Bad business deal costs two women K1, 500
Written by Millennium on May 27, 2019
RABECCA BANDA writes
TWO women of Lusaka have been ordered by the Chilenje Local Court to pay a K1, 500 they owe to a businesswoman in a failed business deal.
Lileko Nkoma,29, of Woodlands and Janet Chunya,37, of Matero East was sued by Mwenge Musaka, a business lady of Chilenje South.
Musaka told senior local court magistrate Ackim Phiri sitting with presiding local court magistrate Patrick Nyirenda that she was staying in South Africa but returned to Zambia last year in July.
“When I came back in Lusaka, I came with household goods to sell. I went to stay with my mother because her cottage was small. I asked Chunya my mother’s tenant to keep some of the things for me in her house,” she said.
“She agreed and I took my things into her house but three days later, Nkoma and her friend Chunya called me while I was in the field looking for customers,” she said.
“They called me saying I should go home because there was a customer interested in buying some blankets. When I arrived home, I found them drinking alcohol in the company of a Lebanese man,” she said.
Musaka said Nkoma introduced me to the Lebanese man who wanted to buy the blankets.
Chunya and Nkoma said they were friends of the man and it wouldn’t be difficult for him to pay for the blankets.

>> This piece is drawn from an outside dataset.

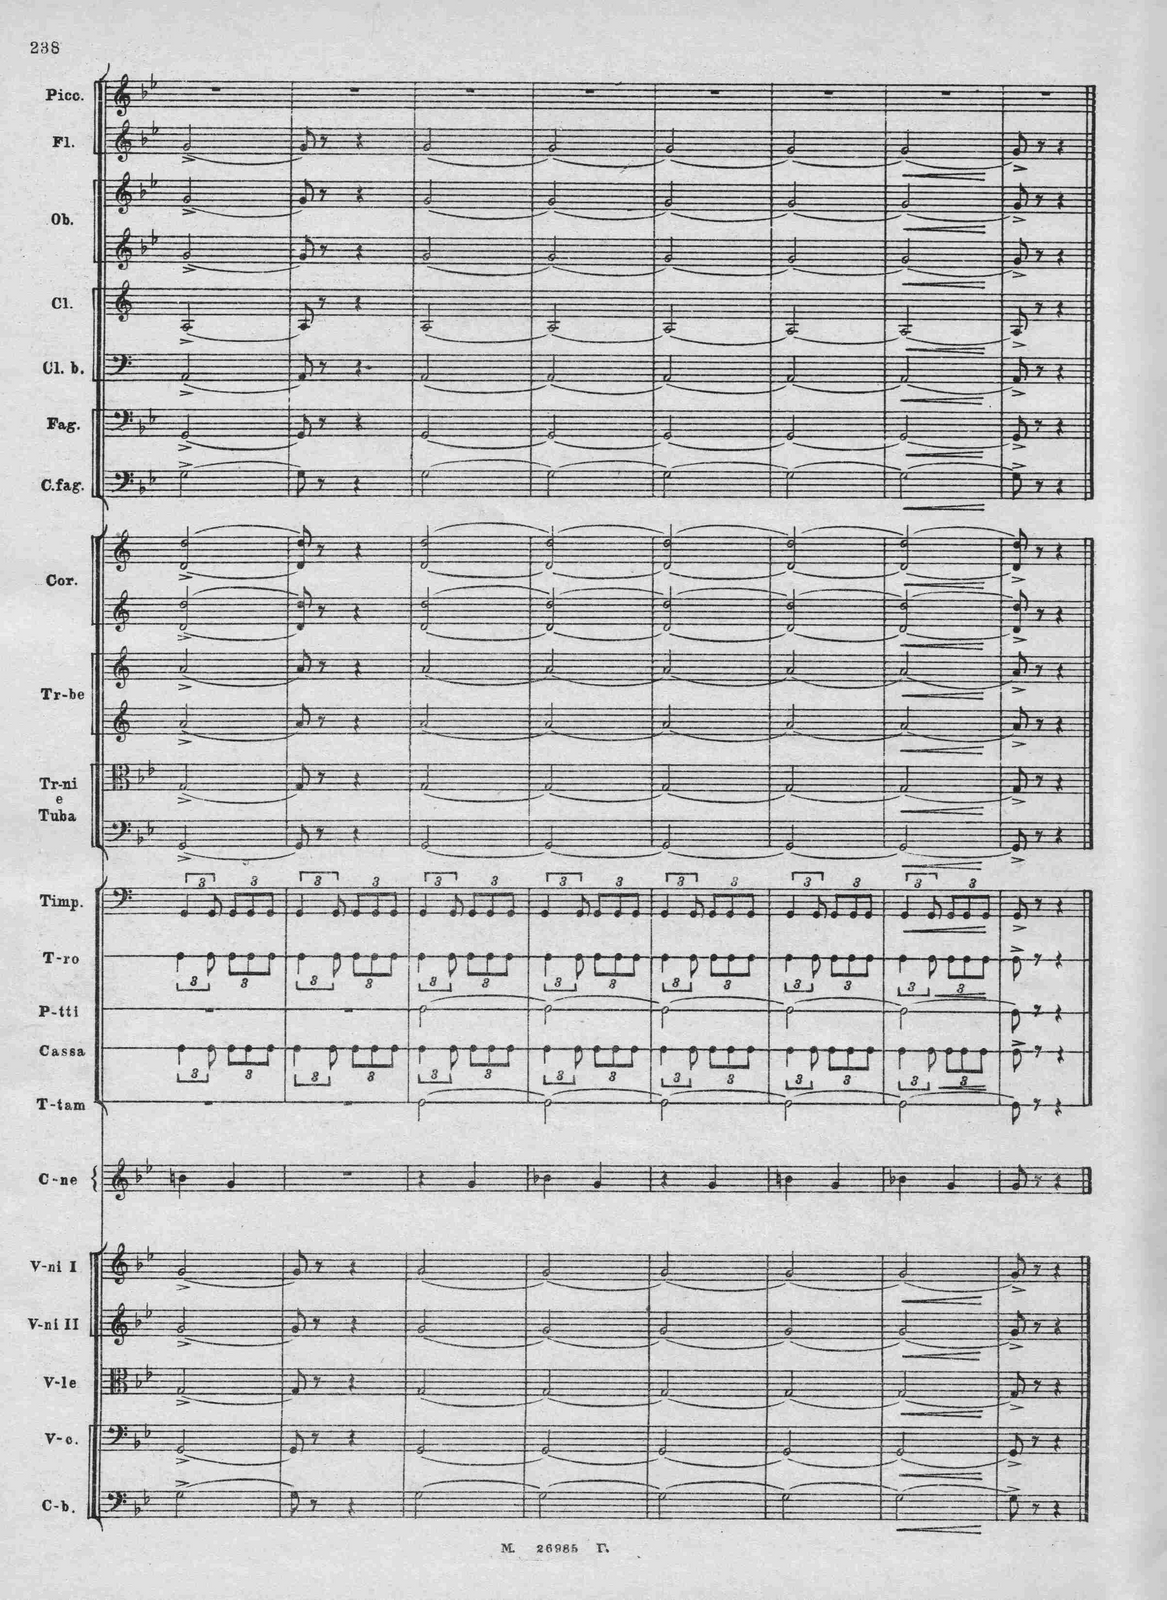 The final page of the score for Symphony No. 11

“I went out and informed my mother and she agreed because of what the two ladies said. The man had already chosen the blankets he liked and I gave them to him,” she said.
“He took six blankets and returned the three the following day. Chunya assured me that she would pay if that man fails to pay,” she said.
She said the Lebanese man suddenly went quiet and his number was not going through.
“I explained to Chunya and she wrote an agreement saying that she and Nkoma were going to pay the K1,500. Chunya and I signed an agreement. I want them to refund my K1,500 because they are ones who introduced me to that man,” she said.
In defence Nkoma said was surprised when she was summoned to appear in court and that was when she discovered that Chunya wrote an agreement and signed for the both of them to refund the money.
“ I cannot refund the money because I didn’t sign on the agreement,” she said.
And Chunya said she was keeping the blankets and her Lebanese friend wanted to buy.
Chunya said they introduced him to Musaka and didn’t know what they discussed thereafter but that the man told her that he made a down-payment for the blankets.
“I was forced to write and sign the agreement because I feared being taken to the police,” she said. I included Nkoma in the agreement because we were both involved in the introduction of that man,” she said. The court ordered Chunya and Nkoma to refund the K1,500 in three installments of K500.